POTD: Spring GreenSpring Green
Saguaro National Park, Arizona
2015

It was so green and lush when we were in Tucson, I thought I ought to post at least one color photo of the desert. It’s probably greener than a desert ought to be. The rain and fog that started this day certainly had something to do with that look.

4 thoughts on “POTD: Spring Green”

  1. I’m a sucker for fog photos so I love this one. And I expect it’s rather unusual to have ocatillo and saguaro cactus as the foreground elements in a fog pictures. Don’t think I’ve seen that before. When I lived in the Las Vegas desert, fog would be as rare as snow!

    1. Kathy, I lived in Tucson for four years back in the day and I remember fog a few times, and snow only once. It’s wetter in Tucson than in Vegas so I imagine both fog and snow are a bit more common there. I think I read once that the Sonoran Desert around Tucson got about the maximum moisture per year to still be considered a desert, but I just looked up the definition of desert and it shows 10 inches or less per year while Tucson gets just over 11 inches so by that simple definition, it isn’t really a desert. However, the more detailed definitions also take into account general aridity. In deserts the rate of potential evapotranspiration exceeds the average annual rainfall by factors ranging from 2:1 to 33:1 or more. In other words, a desert is arid. I imagine the Tucson area certainly qualifies on that account. (511: more information than you wanted to know!)

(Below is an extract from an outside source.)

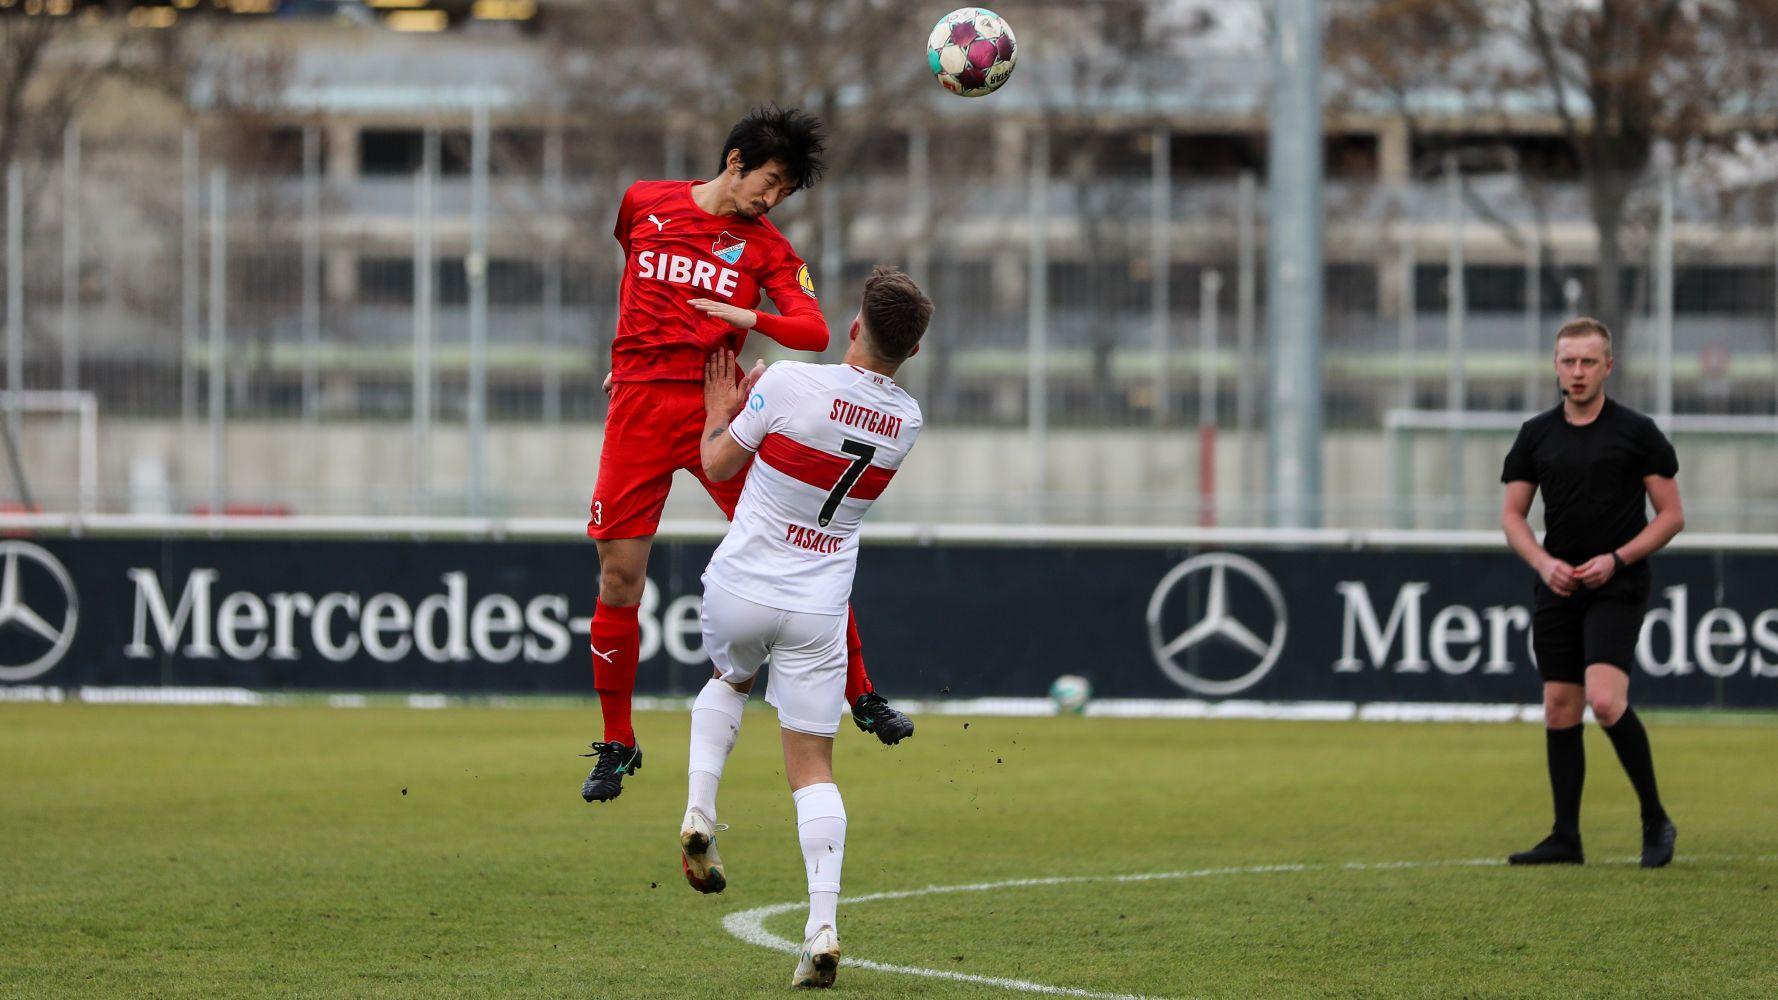 Ko Sawada TSV Steinbach Haiger VfB Stuttgart U21 Björn Franz

  2. Thanks for all the extra info, Larry! I did actually enjoy it. Did not think that Vegas (further north) would be drier/hotter than Tucson (further south). I seem to remember it always being hotter in Tucson than Vegas. In the 9 years I lived in Vegas, it snowed once. Since I moved away 18 years ago, it’s snowed again only once! 😉 And I’m talking a snowfall that stuck on the ground long enough for people to see it. 😉

    1. Kathy, it’s interesting how perceptions differ–my impression was always that Vegas was hotter than Tucson. It appears your perception is correct, at least the one web site I just looked at shows Tucson with a higher maximum temperature and a higher average temperature. But the difference was only 1 degree C in both cases.